You didn't cite any examples, but I suppose many of those are basic questions that receive a few "you idiot, why don't you know this?" downvotes in the beginning, and then hit the Hot Network Questions list where most viewers can only upvote, so they do.

I believe that basic questions should be closed as duplicates rather than silently downvoted, but unfortunately this is rarely happening. I feel that has to do with the attitude of users who threat close votes as a personal insults, and the fact that dupe search is a thankless job of promoting someone else's answers with no rep gain. So instead of spending time finding duplicates, people prefer either downvote (hurting the user's morale), or repeat the same answers over and over again (hurting the overall quality of the site).

0

Here's another hypothesis: Questions that get lots of upvotes have necessarily gotten lots of views.
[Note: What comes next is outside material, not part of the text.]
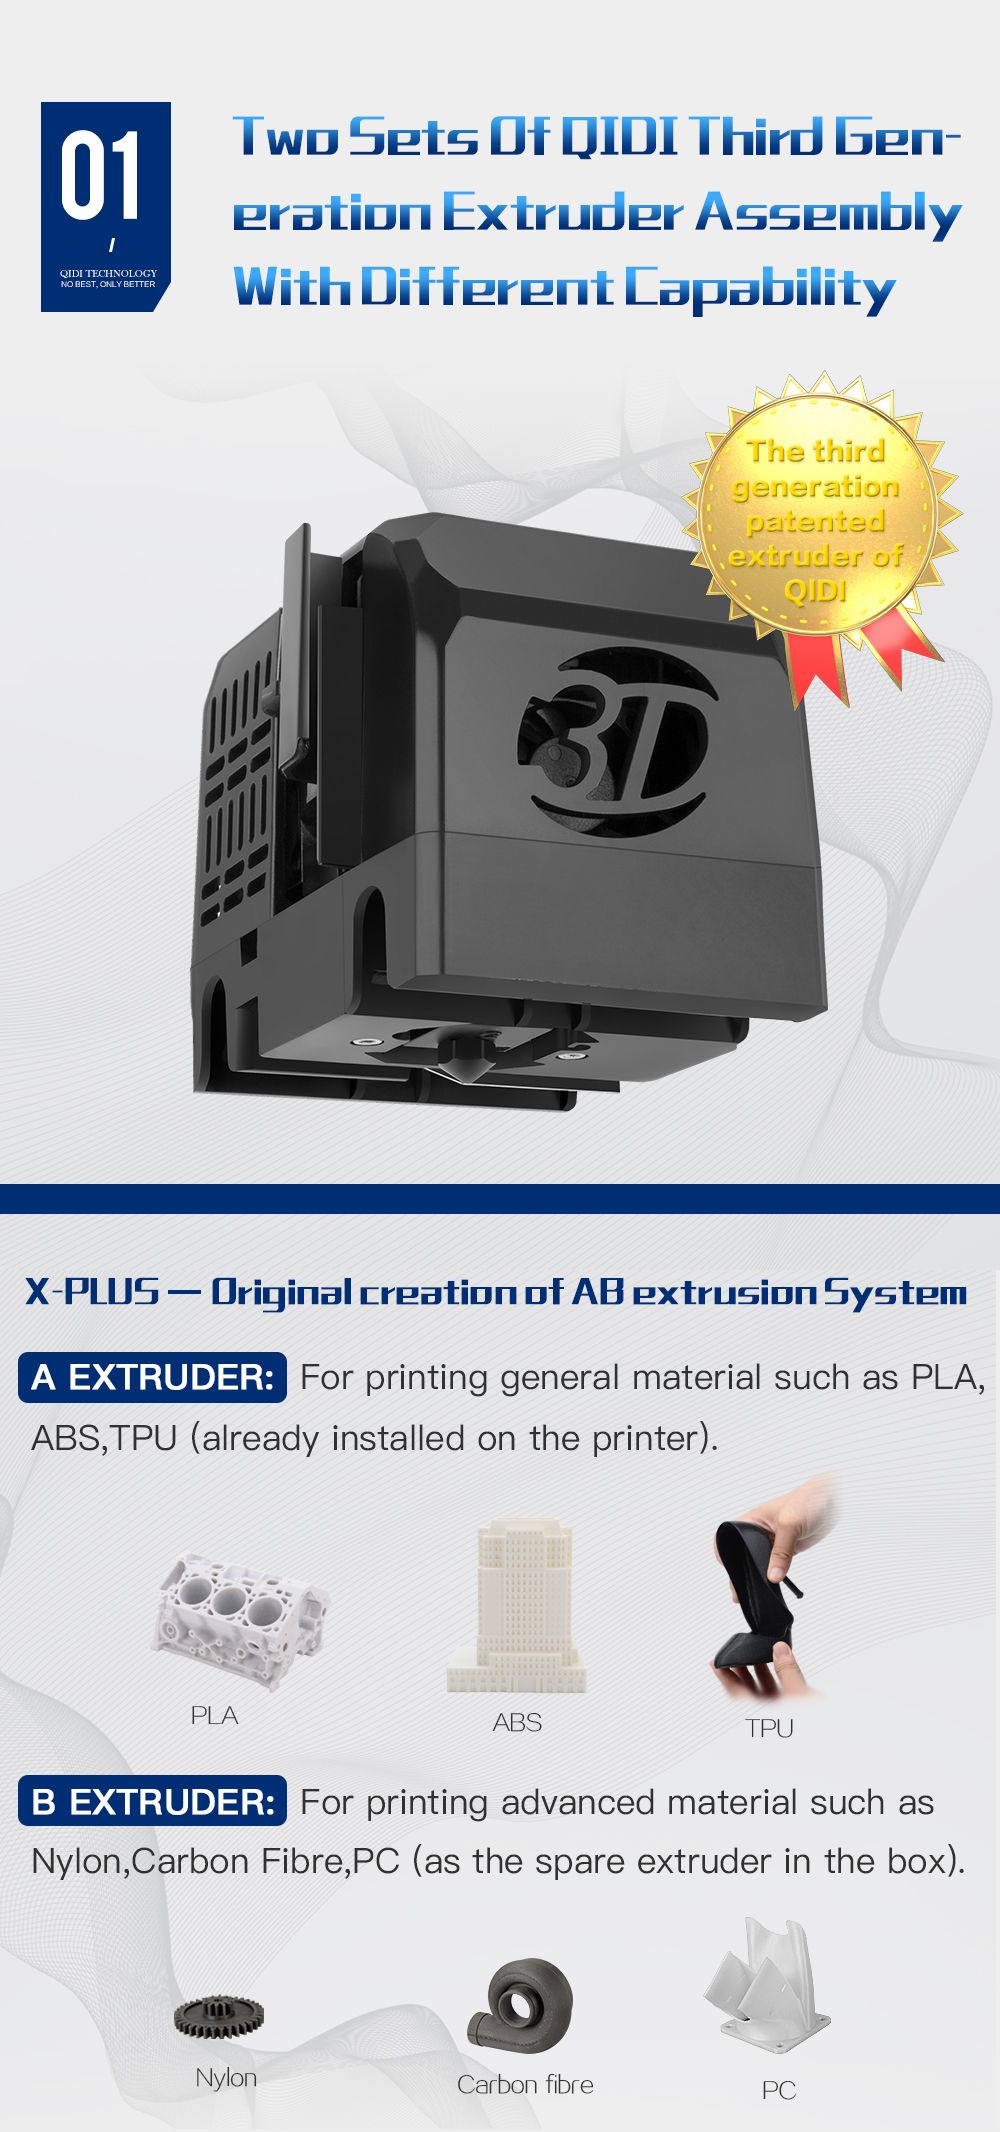 R QIDI TECHNOLOGY X-Plus 3D Printer WiFi Connection Nylon Carbon Fiber PC Printing 270x200x200mm Print Size

It might happen due to the topic, or due to mysterious algorithms, who knows. But in any crowd there will be a few outliers who will casually downvote for no strong reason, especially when there is no clear trend yet. Once there are 10-15 upvotes, it takes more conviction to vote agaist the trend, so the casual downvotes die down. By comparison, questions with few views are also less likely to accumulate downvotes (unless they deserve them). So you're less likely to see a spate of casual ones.

If the topic is also somewhat controversial, in the sense that people have strong reactions to it for whatever reason, so much the better-- more people are prone to an impulsive downvote.